EXERCISE
Starting at the line that contains "2 km Utajärven" and stopping at the line that contains "南京市发布《关于明确风管耐火极限施工图审查的相关要求》", transcribe every line of the material below exactly; pictures stay out.

PROVIDED MATERIAL
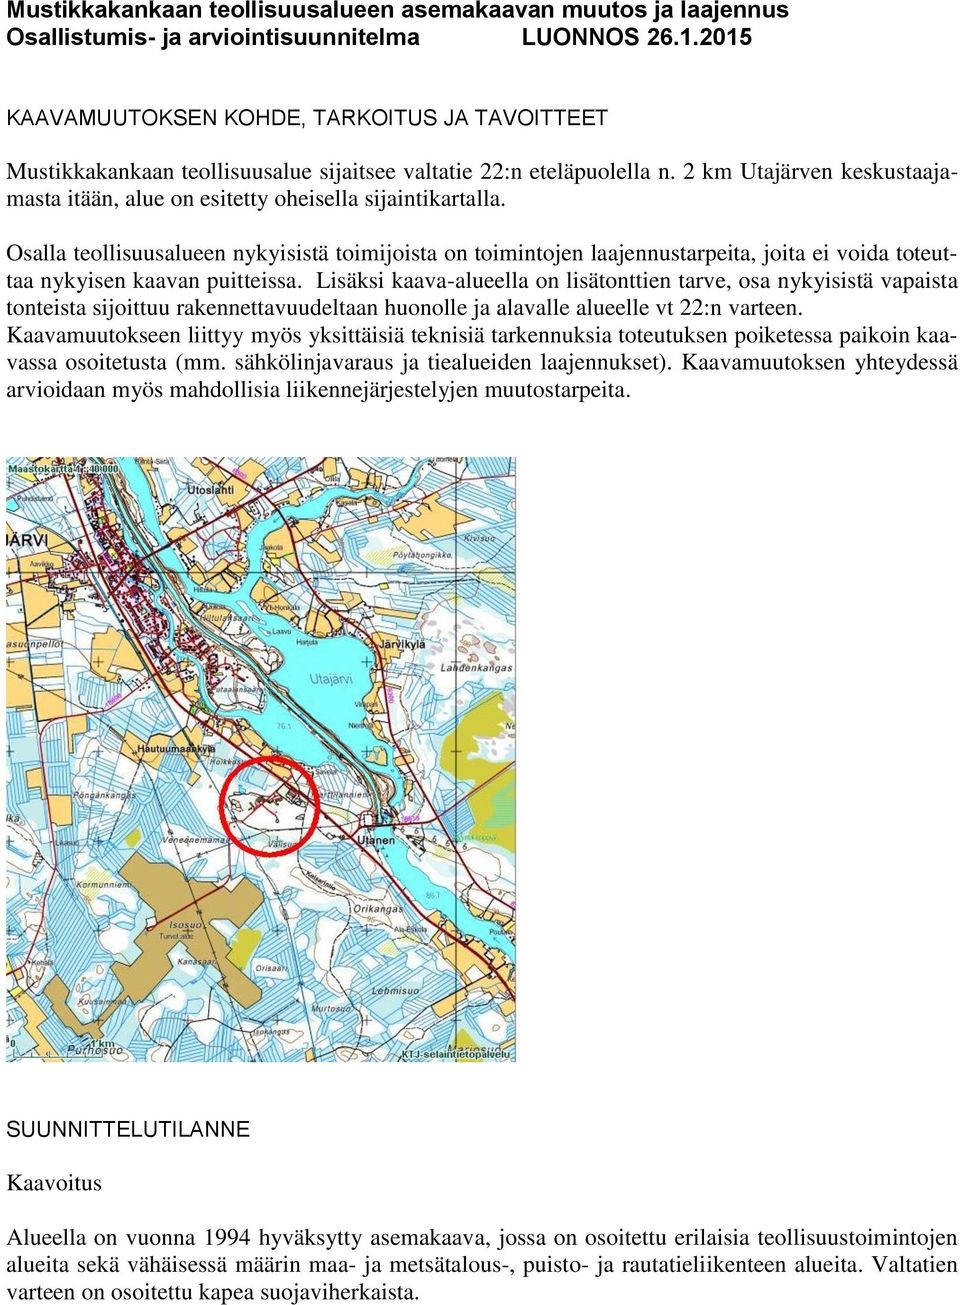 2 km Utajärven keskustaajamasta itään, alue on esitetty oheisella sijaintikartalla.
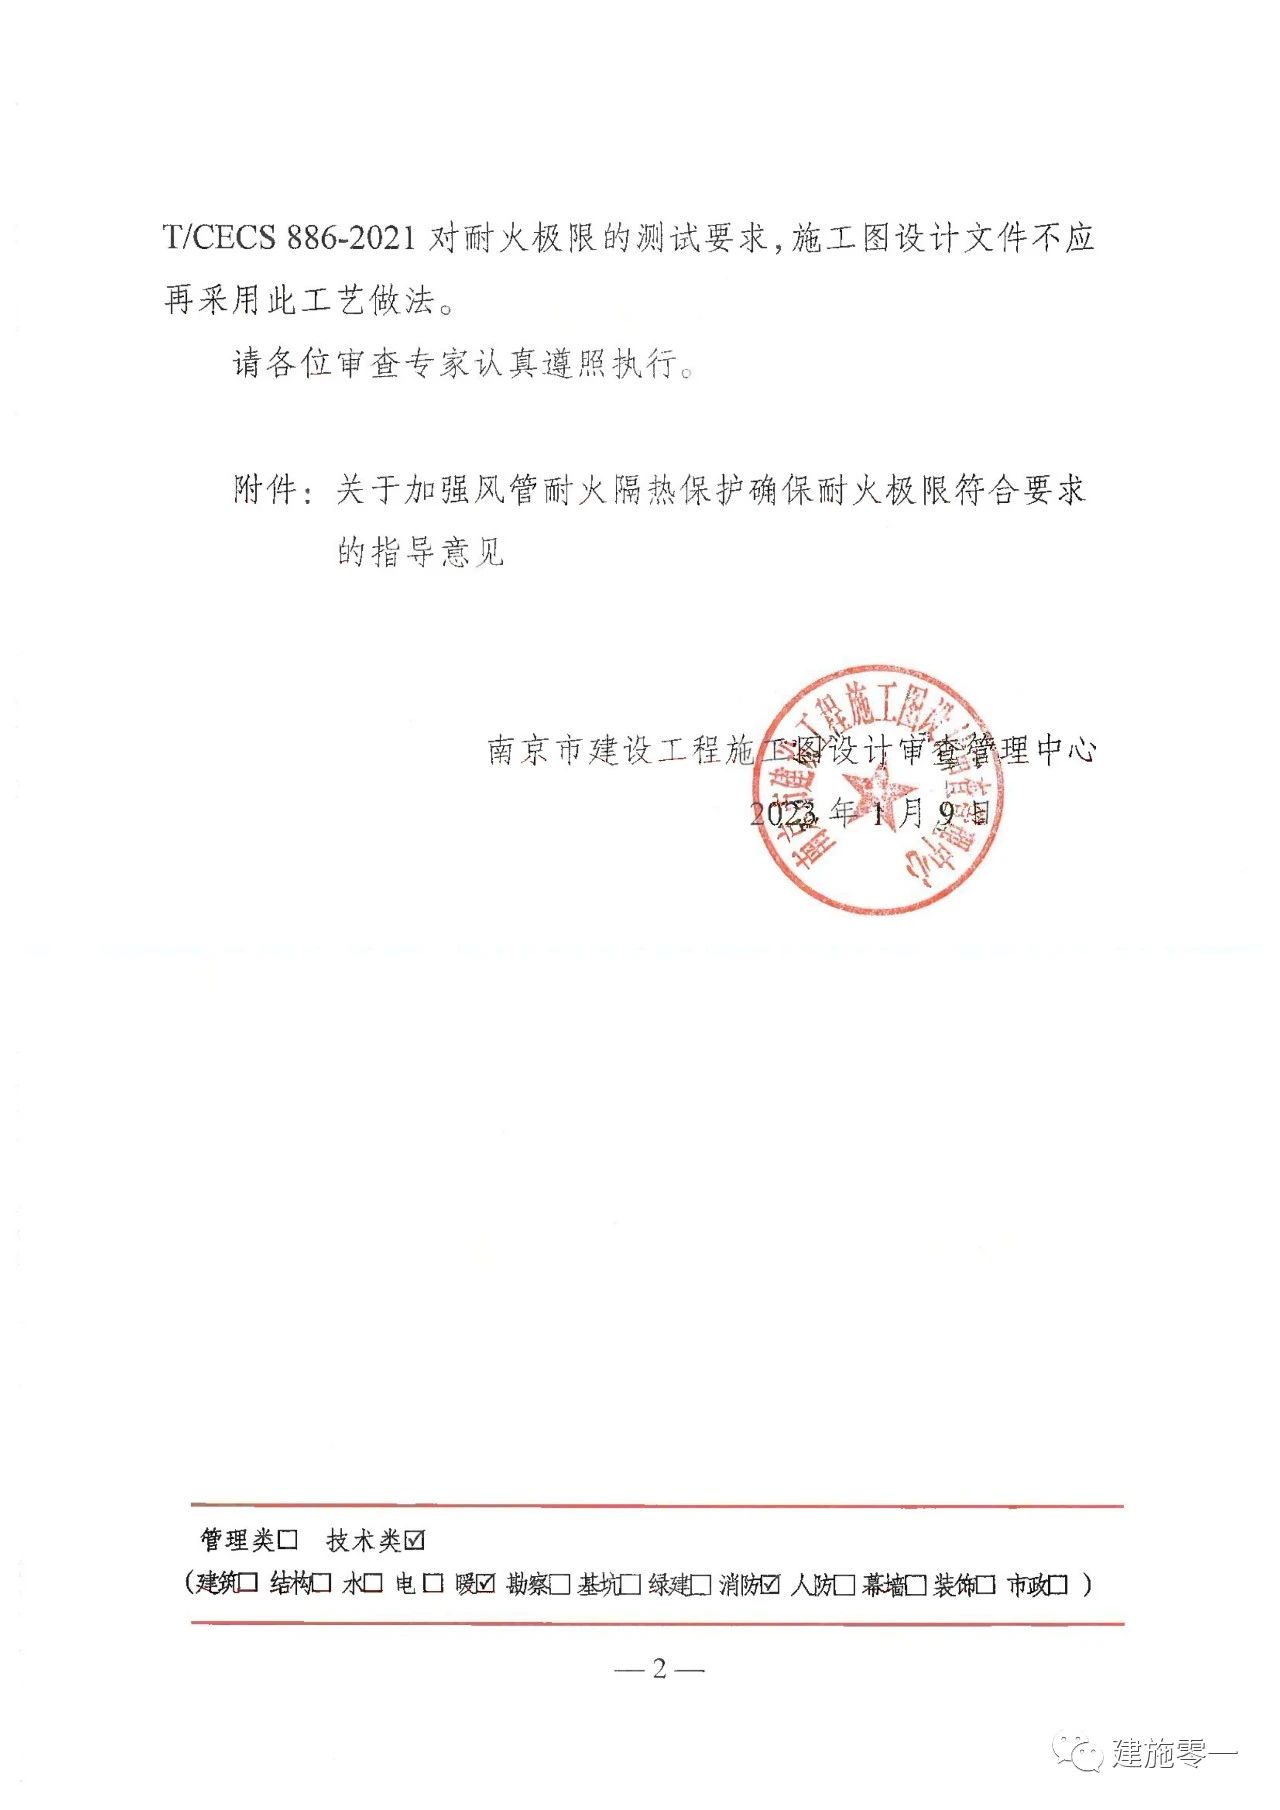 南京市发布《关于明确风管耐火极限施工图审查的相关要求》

==

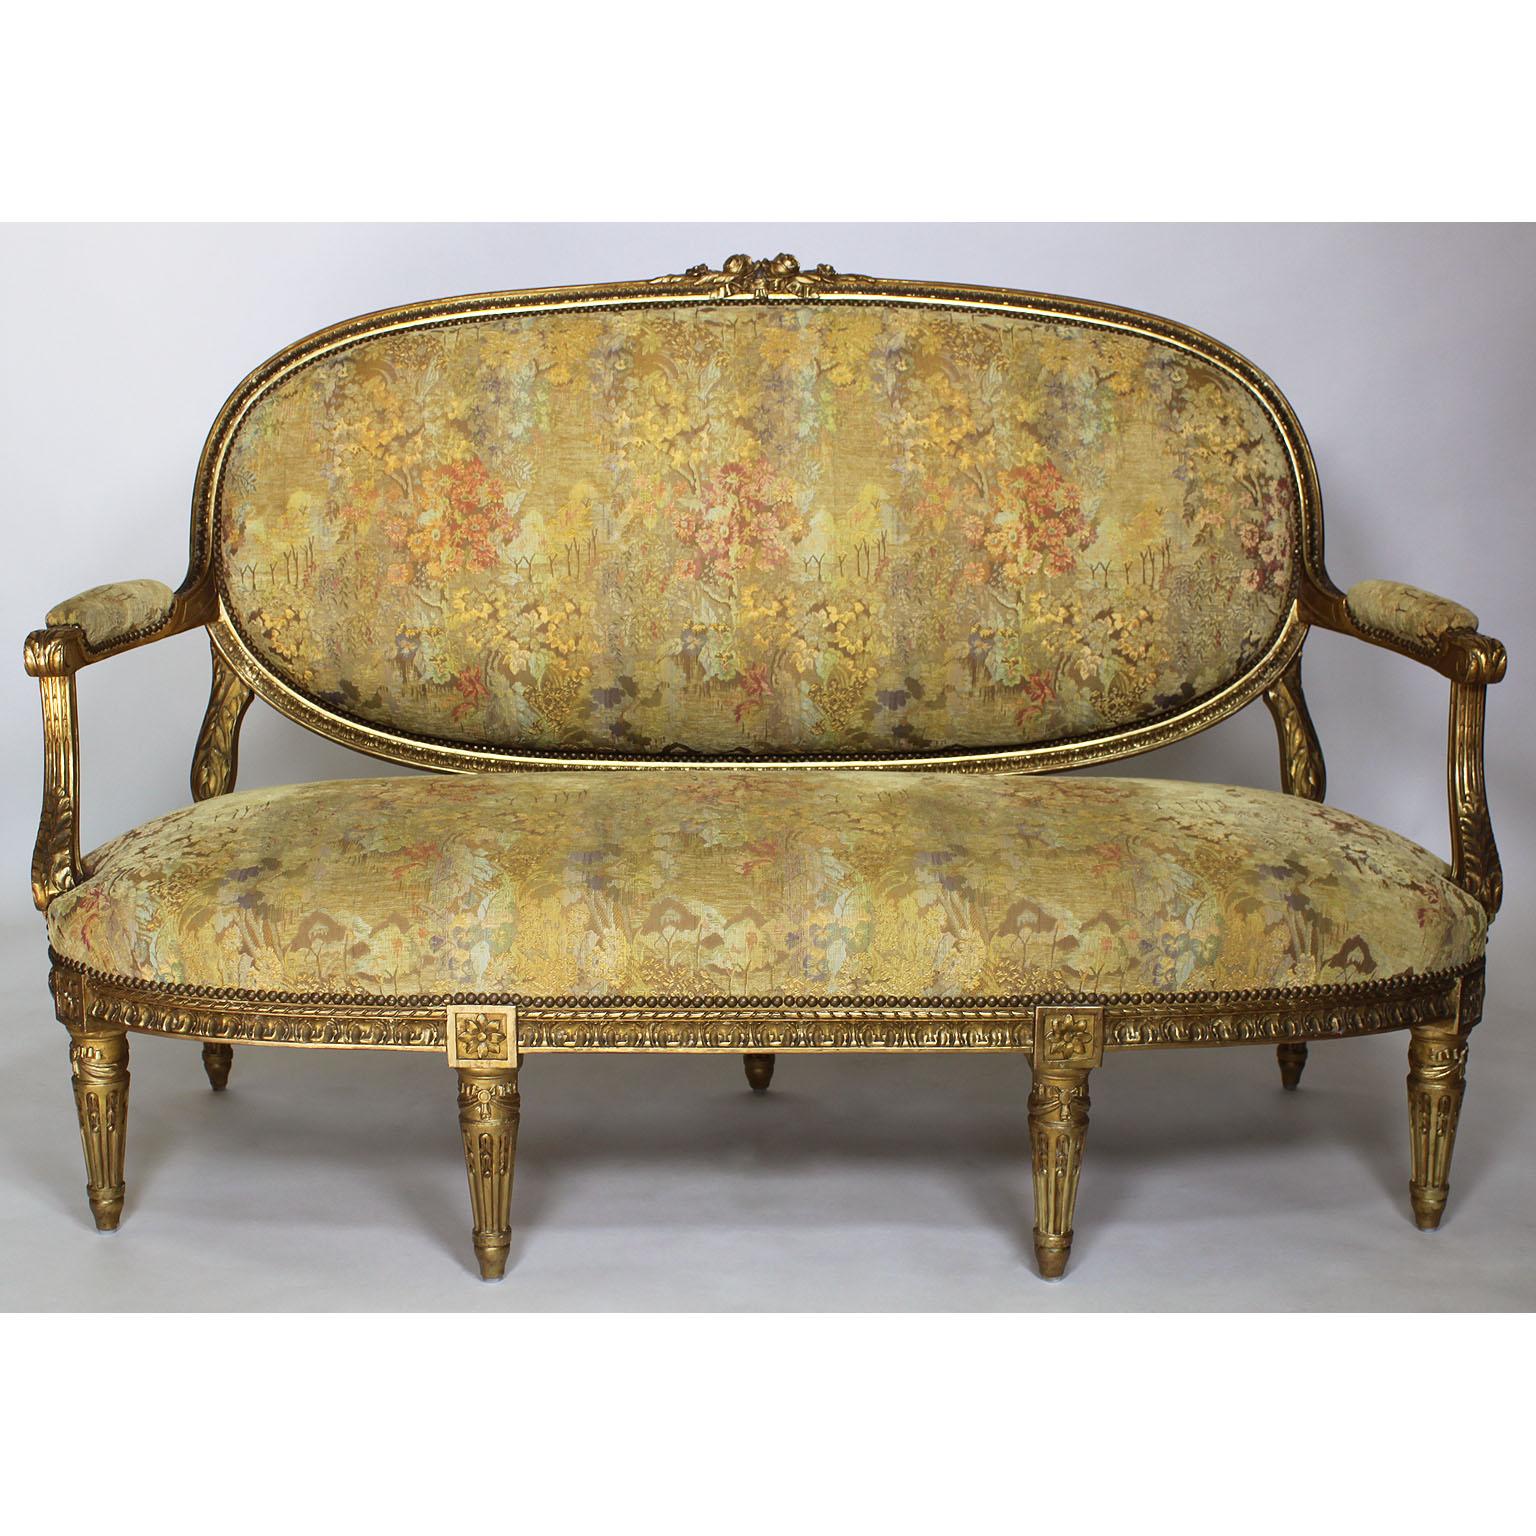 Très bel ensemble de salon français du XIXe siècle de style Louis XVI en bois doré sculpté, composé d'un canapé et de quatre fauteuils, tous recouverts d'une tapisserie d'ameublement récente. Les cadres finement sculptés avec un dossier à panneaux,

==

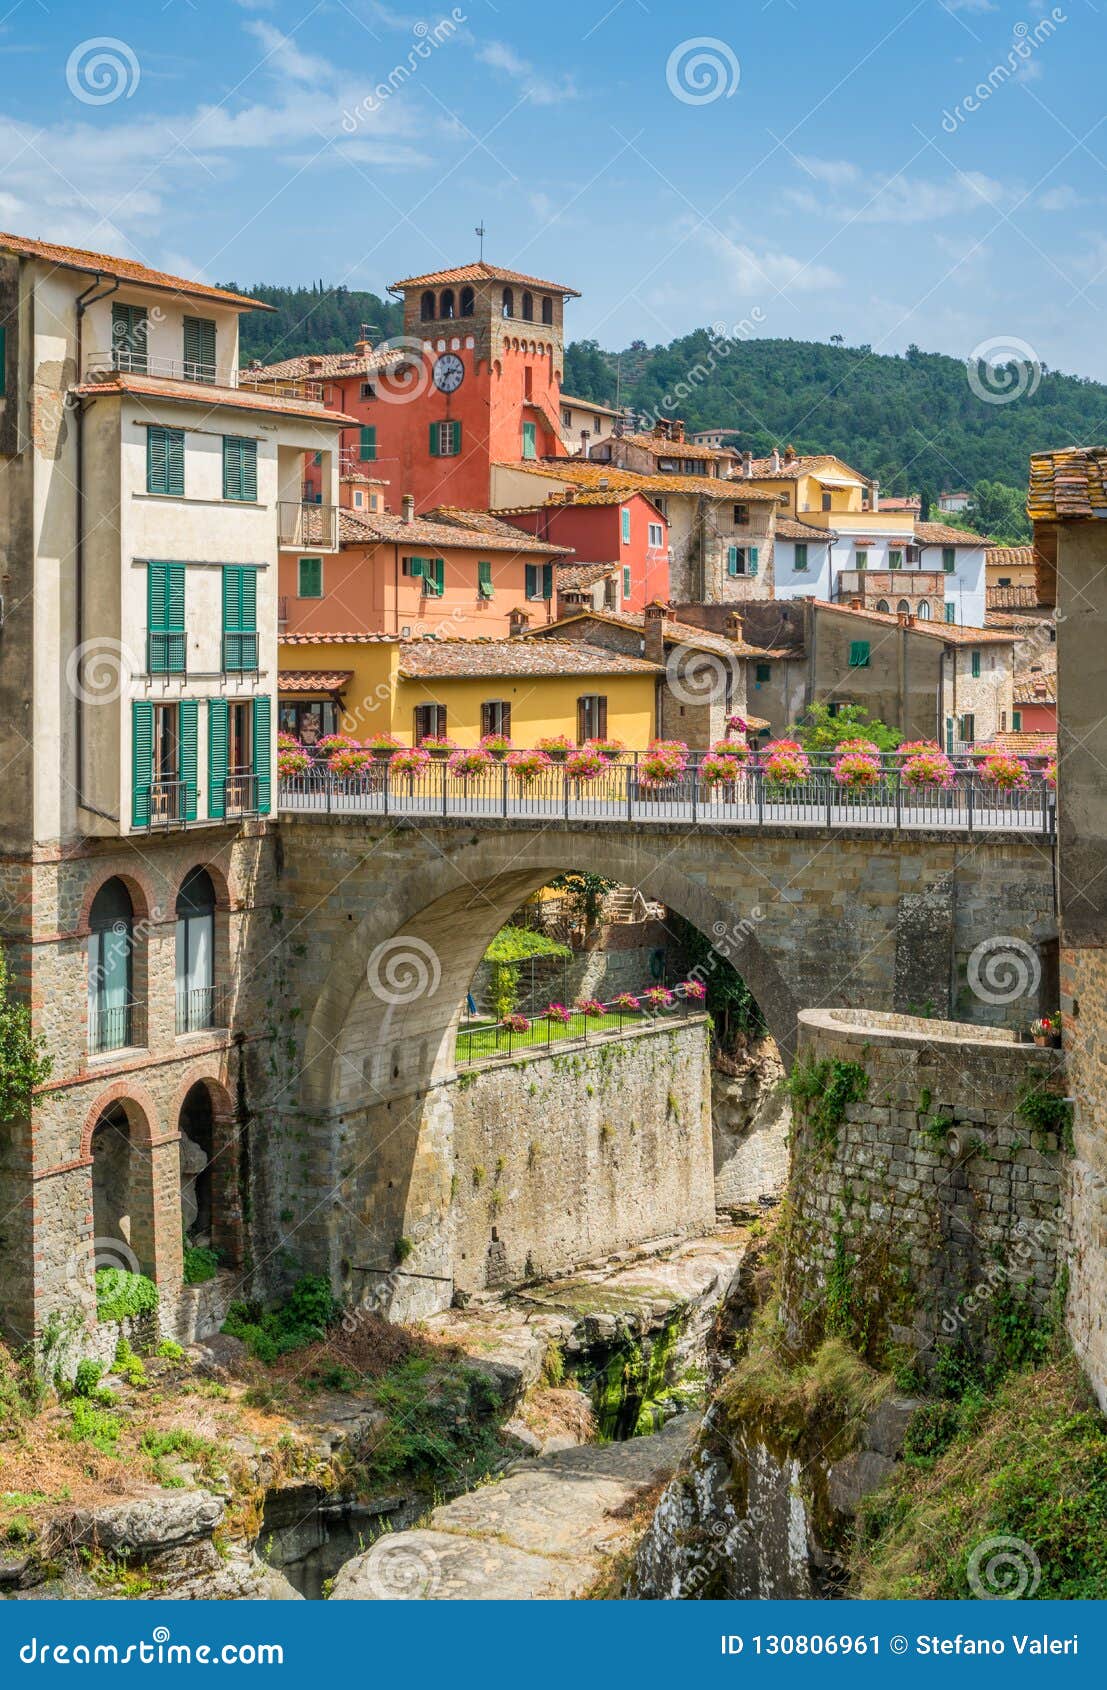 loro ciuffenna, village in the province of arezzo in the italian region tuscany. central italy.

WRITTEN RESPONSE
 2 km Utajärven keskustaajamasta itään, alue on esitetty oheisella sijaintikartalla.
 南京市发布《关于明确风管耐火极限施工图审查的相关要求》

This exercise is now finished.